The risk profile varies significantly across the continent based on domestic production and storage depth. Countries such as Poland and Greece, where national production meets or exceeds consumption, are better shielded. Similarly, Ireland’s deep strategic reserves provide a more robust cushion against Middle Eastern disruptions.

Estimated Stock Coverage by Country

  • Portugal and Hungary: Approximately 4 months of coverage.
  • Denmark: Approximately 6 months of coverage.
  • Italy and Germany: Approximately 7 months of coverage.
  • France and Ireland: Approximately 8 months of coverage.

Industry Warnings and Economic Risks

The aviation industry is already sounding the alarm. Michael O’Leary, CEO of Ryanair, recently warned that the risk of fuel shortages in Europe becomes critical in May and June if the conflict persists. In an interview with Sky News, O’Leary estimated that between 10% and 25% of the airline’s supplies could be at risk during the early summer window.

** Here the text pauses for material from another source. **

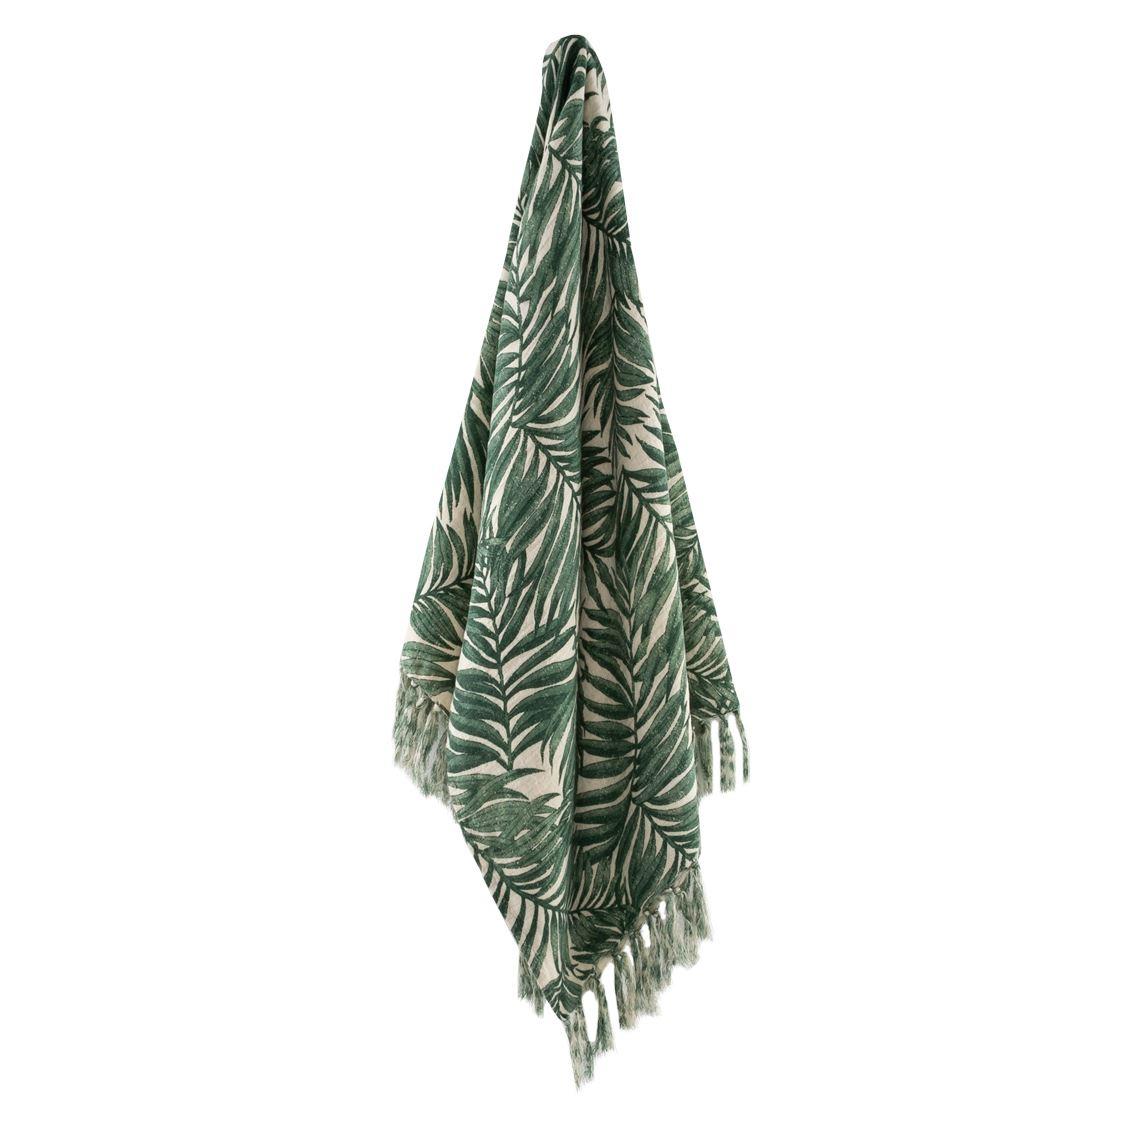 Sendia Throw Size W 130cm x D 1cm x H 150cm in Green Freedom

The volatility is not just about availability, but cost. The doubling of prices since the closure of the Strait of Hormuz is already being felt in ticket prices and operational overheads. For a country like Portugal, where tourism is a strategic economic pillar, the threat of “localized shortages” or “abrupt price shifts” could deter the very passenger traffic that drives its GDP.

While the Argus analysis suggests that no European country is likely to run completely dry—given that domestic production continues and some reserves exist—the transition to “uncomfortably low” levels could lead to erratic pricing and supply instability at key hubs.

The immediate focus for Portuguese energy authorities now rests on the mid-May import window. The ability of the government and private suppliers to pivot toward non-Gulf sources before the summer peak will determine whether the aviation sector faces a manageable pinch or a systemic crisis.

This report is for informational purposes only and does not constitute financial or investment advice regarding energy markets.